Rescoring of alternative fragmentation data using fragment intensity predictions

An efficient control of FDR in database searching is critical for identification of true-positive peptide matches. Previously, we showed that data-driven rescoring of CID data using the Prosit model greatly improved number and accuracy of peptide identifications²⁷. We hypothesized that predicting fragment ion intensity would be beneficial for improving the results of the database searches of UVPD, EID and ECD data as well. Using the optimized MSFragger results we first calculated the ratio of the number of all observed to that of all possible theoretical fragment ions in each identified spectrum (Fig. 4a and Extended Data Fig. 5, upper distributions). The resulting distributions for target and decoy (a priori false-positive) PSMs were heavily intermixed and shifted towards smaller ratios. EID and UVPD ratios were particularly small due to a large number of theoretical ions. We then calculated the same ratios but allowed only fragments predicted by Prosit (Fig. 4a and Extended Data Fig. 5, lower distributions). The inclusion of only predicted fragments split the distribution of ratios of target PSMs, in which the majority shifted towards higher values with a larger portion being above 0.8, and the remainder were essentially unchanged.

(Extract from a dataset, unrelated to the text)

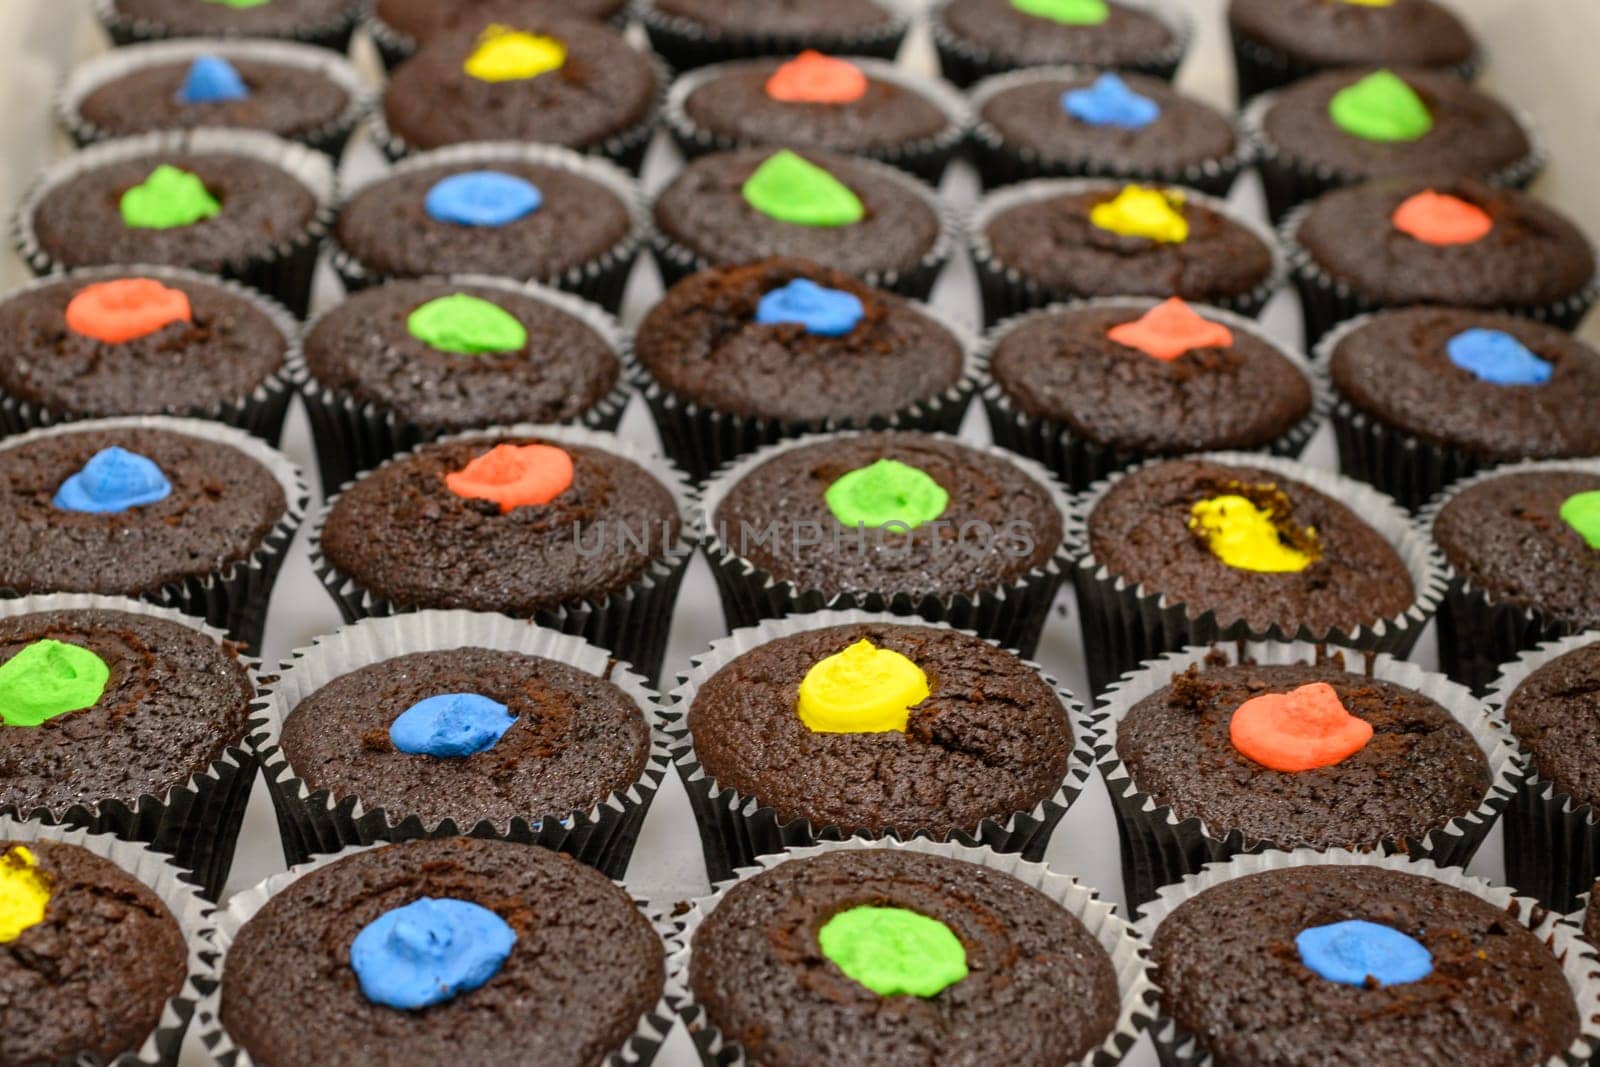 multi color muffins produce at professional catering baker in professional kitchen

At the same time, the ratio of decoy PSMs remained clustered at lower values. This indicates a substantial improvement in the alignment between the observed and predicted fragment ions.

**Fig. 4: Intensity prediction improves database search quality of ECD, EID, HCD and UVPD data.**

Next, we applied data-driven rescoring using the Oktoberfest framework, which benefits from the here-developed fragment ion intensity prediction model by generating fragment intensity-dependent scores rather than relying only on the presence or absence of any theoretical fragments. In combination with Percolator⁴³, these scores are aggregated into a single score that maximizes the separation of correct and incorrect matches. The resulting Oktoberfest scores were then compared to the Percolator-derived scores from MSFragger (Fig. 4b and Supplementary Figs. S11–S15), which do not include fragment intensity-based features. For MSFragger database searches, we chose the best combination of ion types for each fragmentation method from Figure 2b, and for rescoring in Oktoberfest we used all of the most frequently annotated types of fragments ( >4% of annotated ions in a spectrum, averaged across all spectra) for each fragmentation technique (Extended Data Fig. 3). Both sets of scores were filtered to 1% FDR using Percolator⁴³. While rescoring led to remarkable separation of decoys from targets for the majority of enzyme–fragmentation method pairs (Fig. 4b and Supplementary Figs. S11–S15), ECD in general demonstrated sufficient separation in database searches, such that rescoring delivers only marginal improvements in identification (Supplementary Fig. S11). This partly explains the highest identification rate observed for ECD in the initial database searches (Fig. 2c). We attribute this to the relative cleanliness of ECD spectra that consist primarily of c, z fragments, precursor ions and charge-reduced species, thus reducing chances for random false matches. Interestingly, ECD was the only technique in which it was possible to discriminate the distributions of charge states among target PSMs after rescoring, which reflects the distinct charge-dependent kinetics of this process (Supplementary Fig. S16). Using rescoring, we were able to salvage a substantial number of PSMs in all combinations of enzyme and dissociation method (quadrant II in Fig. 4b and Supplementary Figs. S11–S15). At the same time, a high number of PSMs initially identified were discarded (quadrant IV in Fig. 4b and Supplementary Figs. S11–S15).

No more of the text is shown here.